Officeinsight May 18, 2026

The office furniture industry has spent decades getting better at ergonomics. Lumbar support, seat depth, armrest adjustability, tension control — the list of mechanisms and features designed to make sitting more comfortable is long and impressive. And yet, for all that progress, most chairs are still built around what some believe is an outdated premise: that the human body should remain largely still while seated, and that discomfort is something to be managed rather than prevented.

KI, the Green Bay, Wisc.-based contract furniture maker, thinks the industry has been asking the wrong question for a very long time. And this June during Chicago Design Week, the company is going to make its case for its new seating technology by letting people feel the difference for themselves.

The company will introduce Cognetic Technology during Fulton Market Design Days at its new Inspiration Center in Chicago’s Fulton Market. KI is calling it a breakthrough. That word gets used a lot in this industry, often to describe something that is more evolutionary than revolutionary. This one definitely feels different.

Photos by officeinsight

Here’s the core idea behind Cognetic Technology: Rather than engineering a chair that holds the body in place or asks users to make constant manual adjustments throughout the day, Cognetic Technology is designed to move with the body naturally, responding to the subtle, almost unconscious shifts in weight and posture that happen whenever a person is seated. The technology is built on a patented design that draws on principles of gravity and kinesiology, the science of human movement, to create what KI describes as a sense of balance that feels intuitive and effortless.

KI Research Manager Jonathan Matta said the company has spent three years studying exactly what this technology does to the human body and can point to hard data to back up claims the seating technology is better. Third-party research conducted to validate Cognetic Technology found that users experienced up to a 30% reduction in anxiety while seated, a remarkable finding for a task chair. On the cognitive side, the research showed measurable gains as well. “Users experience increased cognitive performance as defined by visual and auditory recall,” said Matta.

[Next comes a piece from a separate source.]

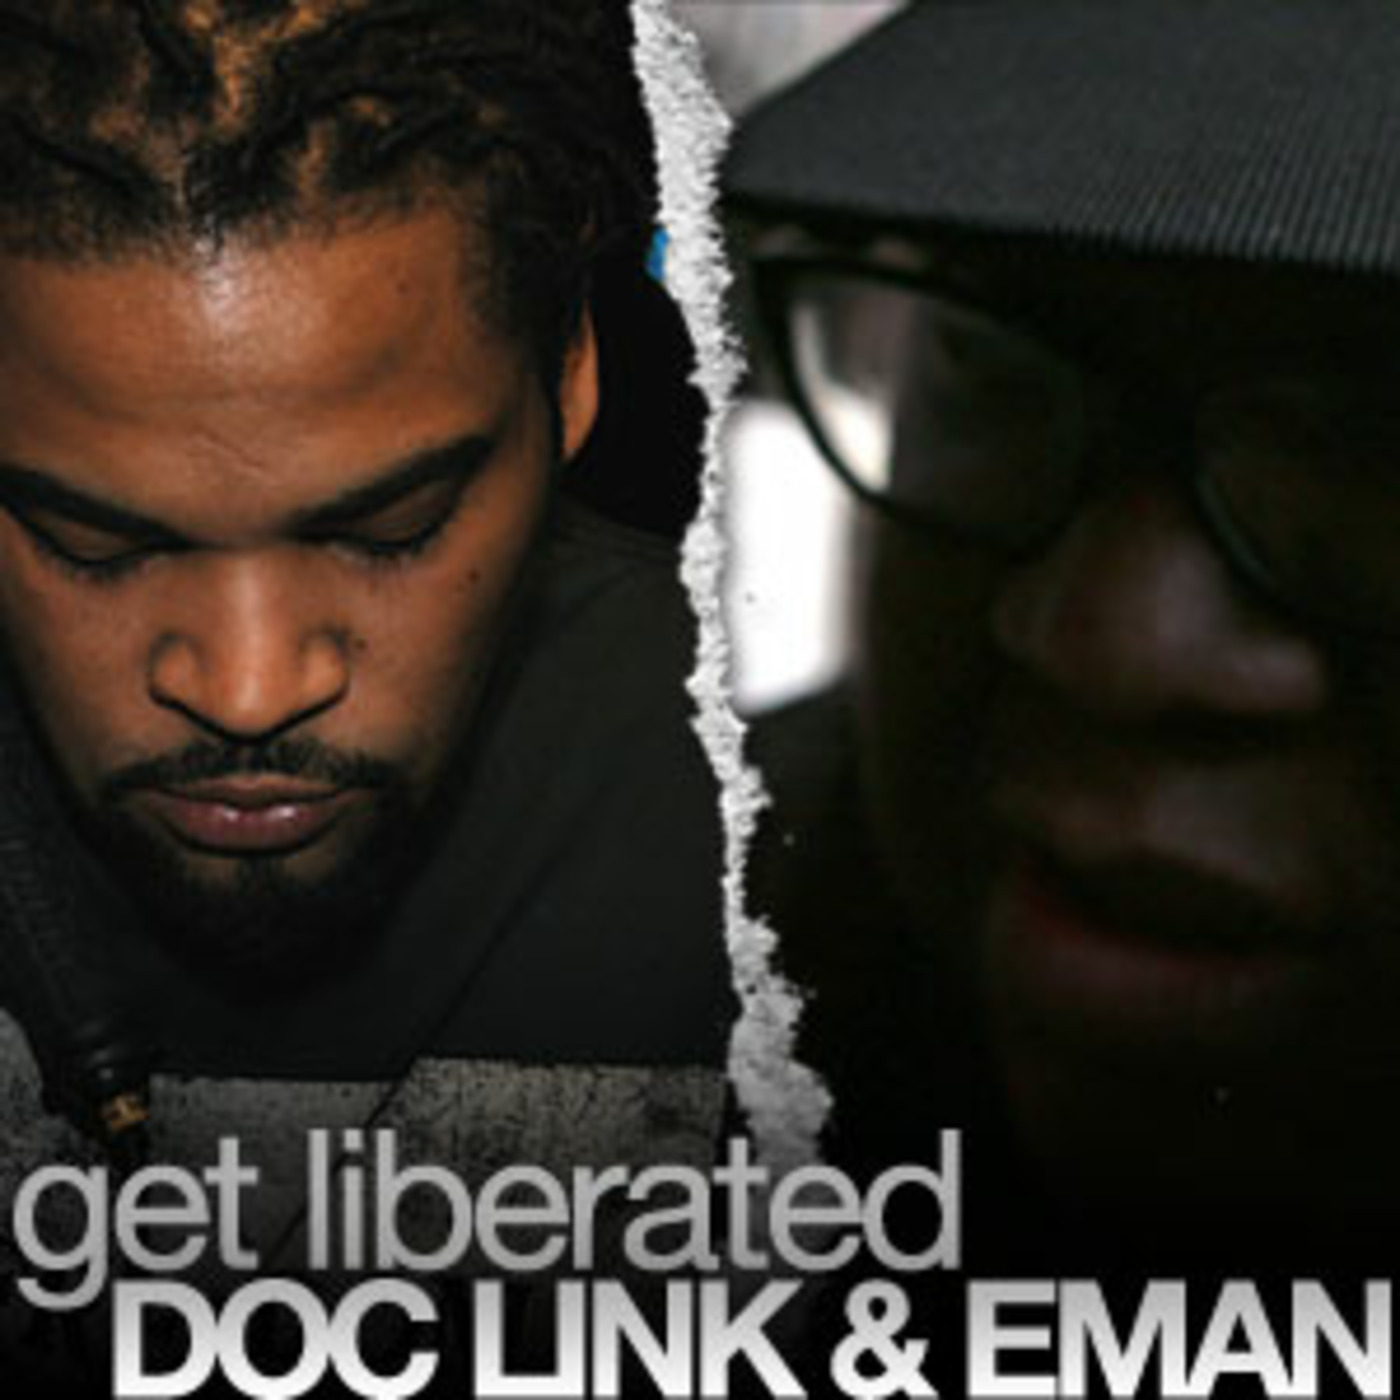 E-Man (NYC) and Doc Link (Chicago) - Liberate Sessions on M&W Radio - Episode 45

KI claims this chair technology is truly unique and different and a few minutes sitting in the chair and watching others interact with it proves this out. It is difficult to describe how it feels to sit in a chair with Cognetic Technology, now limited to KI’s Klaura Collection, which includes task and lounge seating. Think about traditional task chairs allowing for movement on two planes — up and down and forward and back (if the chair includes a tilt option). Cognetic Technology allows you move your hips forward and back and in a circle.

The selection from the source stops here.